With the essays, it is interesting to see how dated that they are. Okay, we did have a rudimentary form of the internet back in the 80s, but Asimov was writing as if robots needed to have all of their thinking power inside of their units, but this is no longer the case, with wifi and with the internet. In fact, with the development of the cloud, processing power is stored elsewhere and software accesses this power remotely, meaning that robots don’t need to have all of the processing power inside of them. In fact, I suspect that a lot of automation is done this was these days, and that driverless cars would also be using this technology (though it doesn’t solve the problem of what would happen if the network went down).
Yet there is also the question of whether robots can ever think and react like humans. Sure, we have machine learning, and some of the methods are designed to mimic the way the human brain works, yet the catch is that human brains don’t think in binary – we think in different ways – computers simply come down to thinking in terms of 0s and 1s. Another thing is that you have to tell computers everything that it needs to know. For instance, if we put a cup on the table, we know that this cup will be there when we return (unless something happens otherwise, such as our housemate puts it in the dishwasher). This needs to be programmed into the robot, as well as contingencies (if it is not there, somebody has moved it – yeah programming computers comes down to a lot of if/then statements).
It is interesting to see how Facebook developed the reactions that exist beyond simple likes. We were discussing this in one of our Machine Learning classes, how it is a way to teach computers what makes us sad, what makes us laugh, and so on. Yet, I’m still not convinced, that we all of this data being passed through Facebook’s servers, that a computer will learn to be able to respond to a joke or even be able to create one themselves. Another thing is that the first time we hear a joke we consider it funny, but as time goes on, and we continue to hear it, it ceases to be funny – can a computer be trained in that method as well, or is it the case that if a computer learns that something is funny, then it just laughs whenever it sees that joke, without realising that the joke has ceased to be funny years ago.
It is interesting reading this book, and the essays, after two and a half years of computer science, and halfway through an AI subjects. I suspect that a lot of developments came out of Asimov’s theories, but there were a lot of things that he couldn’t speculate on because, well, he was a chemist that liked writing Science-Fiction.

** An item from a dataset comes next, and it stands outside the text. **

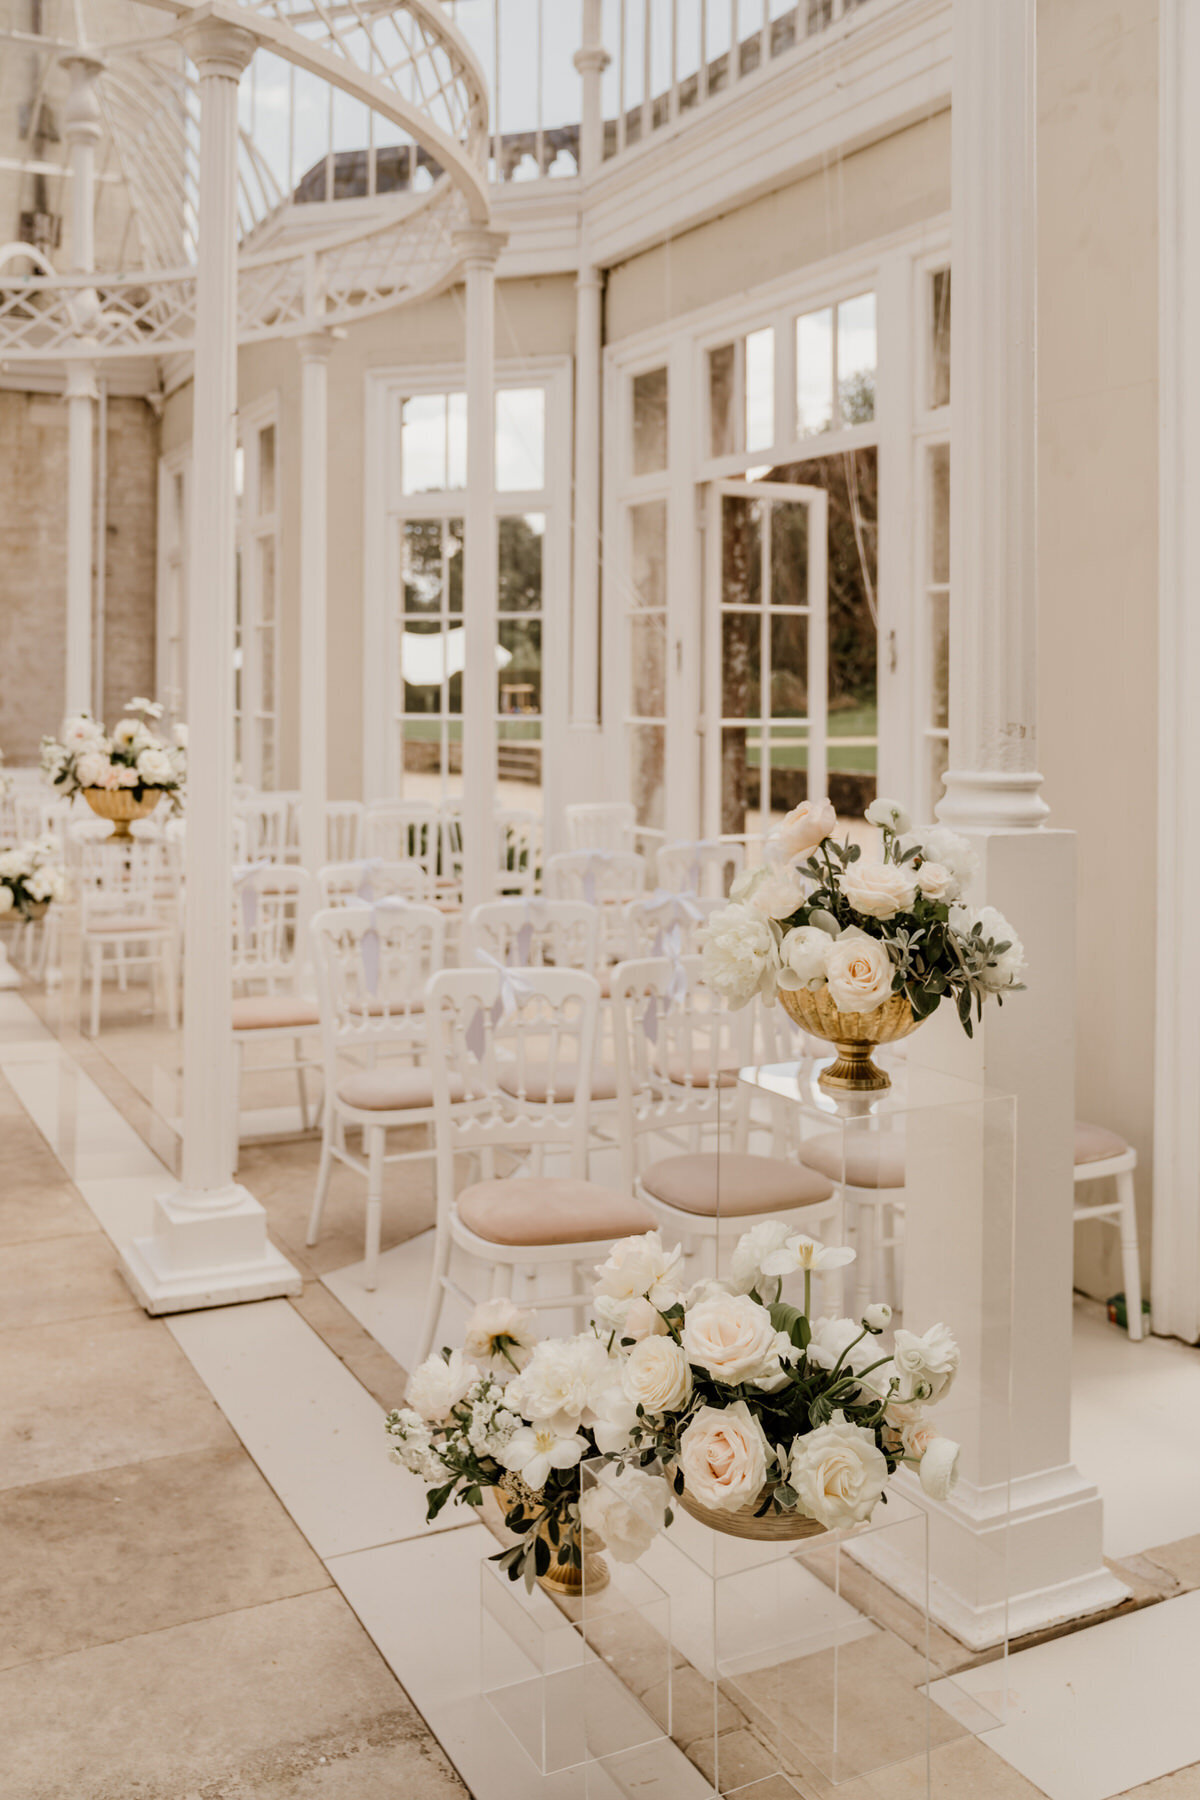 Interior of Domed Conservatory at came house wedding venue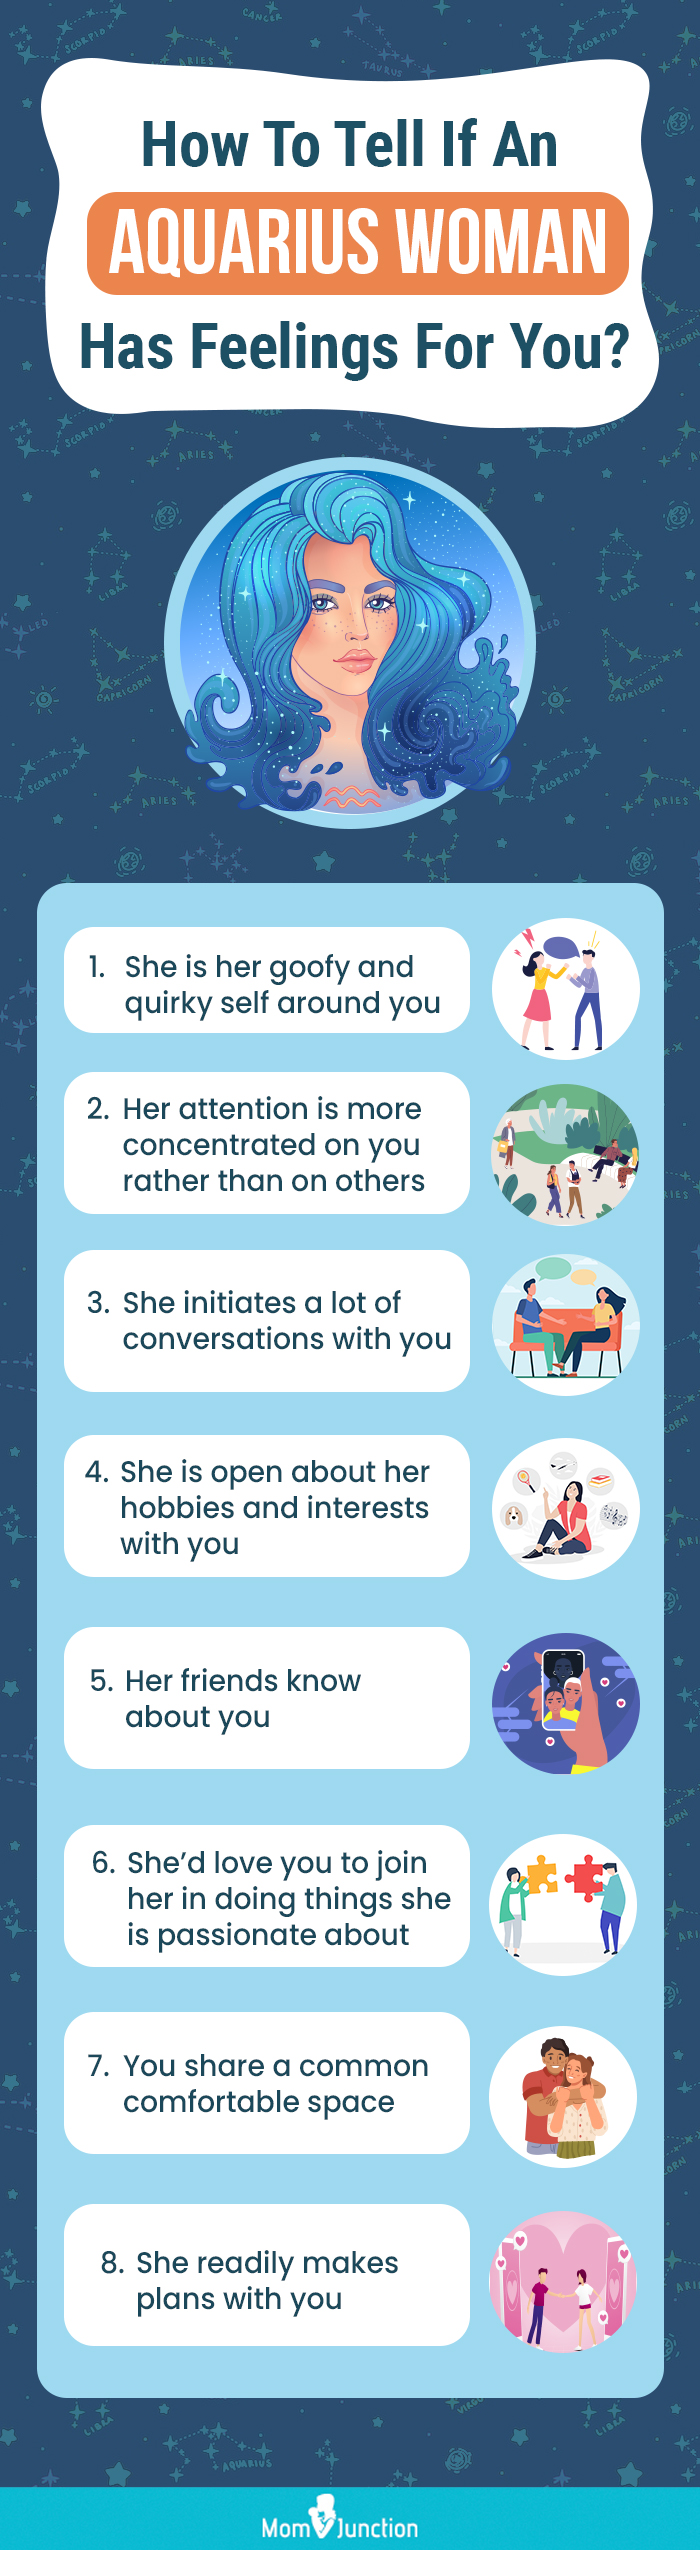 how to tell if an aquarius women has feelings for you (infographic)

Personally, computers tend to be reactionary, and can really only react to things that it is told to react to. Okay, they can search, but once again the parameters must be given to it. On the other hand, one can argue that the same is the case with us. However, our brain is able to take in an awful lot more information, whereas computers must be instructed to take that information, and has to be specific as well. Sure, we do have advanced machine learning algorithms, but the reason is that people have already created them. Mind you, as Asimov suggested, even when robots to replace humans, they also tend to open up a lot more jobs that humans are required to do.